While granting that there are "special issues" regarding empirical laws, Watkins still seems to hold that these laws are based on the understanding since they are "the result of the combination of the lawfulness of the a priori laws prescribed by the understanding with an empirical content that has its source in our sensibility and in the empirical objects" and "the understanding has a priority over whatever sensible content is given to it." (p. 273) However, this would not really do the trick. For the priority in question is that of the form over the content or matter and amounts to a relation of agreement or compatibility of the latter with the former and not to one of logical entailment or (complete or sufficient) determination of the latter by the former. And such "combination" of the a priori laws of the understanding with whatever is given to our sensibility is in fact the very condition of the possibility of any empirical object, and thus necessarily applies to all empirical content indiscriminately, not just empirical laws or rules. Being conditioned by the laws of the understanding would of course make whatever is conditioned lawful in a rigorous sense, but this is not the same as being legislated by the understanding. The former is just the reiteration of Kant's claim that the understanding is the lawgiver of nature, but does not warrant the further, transitive claim that whatever in nature that agrees with the laws legislated by the understanding is also a law legislated by the understanding.

REFERENCES

Freidman, M., 2014. "Laws of Nature and Causal Necessity". Kant-Studien 105(4): 531-553.

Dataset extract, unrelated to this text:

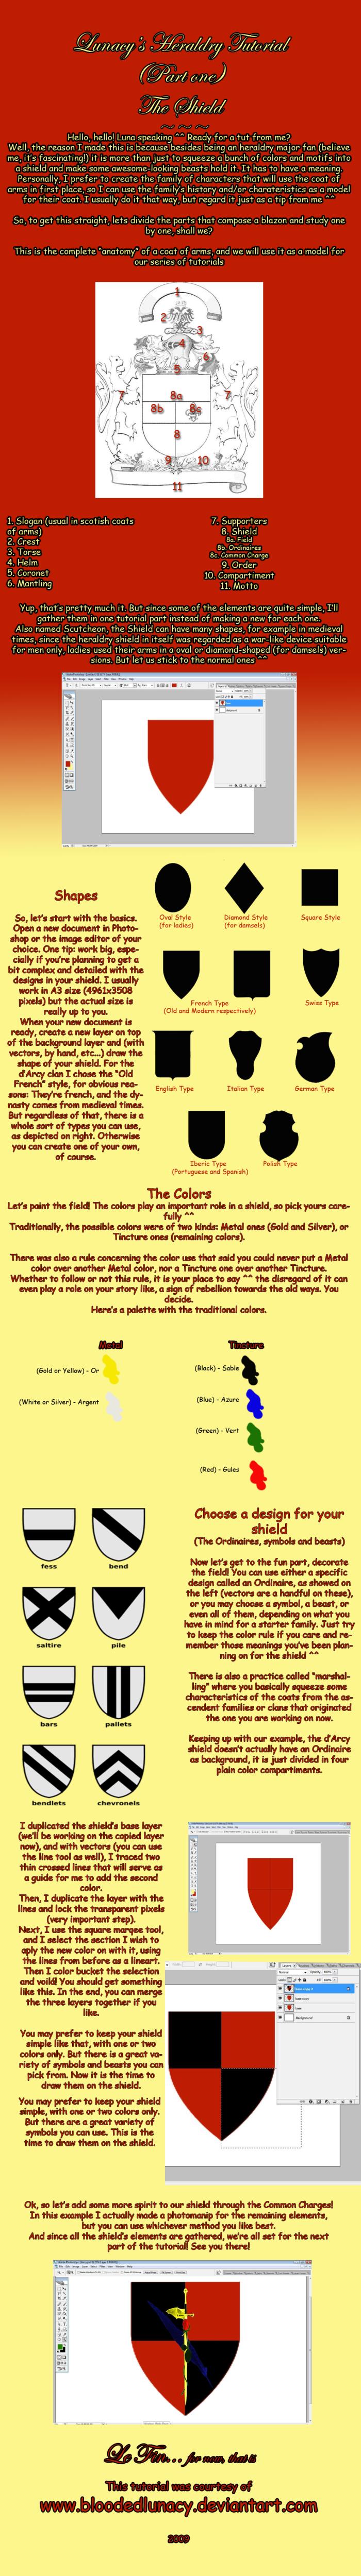 Tutorial on Heraldry - Part 1 by BloodedLunacy

Guyer, P. 1990. "Reason and Reflective Judgment: Kant on the Significance of Systematicity". Noûs 24(1): 17-43.

Kreines, J. 2009. "Kant on the Laws of Nature: Laws, Necessitation, and the Limitation of Our Knowledge". European Journal of Philosophy 17 (4): 527-558

Stang, N. 2016. Kant's Modal Metaphysics. Oxford University Press

Walker, R. 1990. "Kant's Conception of Empirical Law". Aristotelian Society Supplementary Volume 64 (1): 243-258.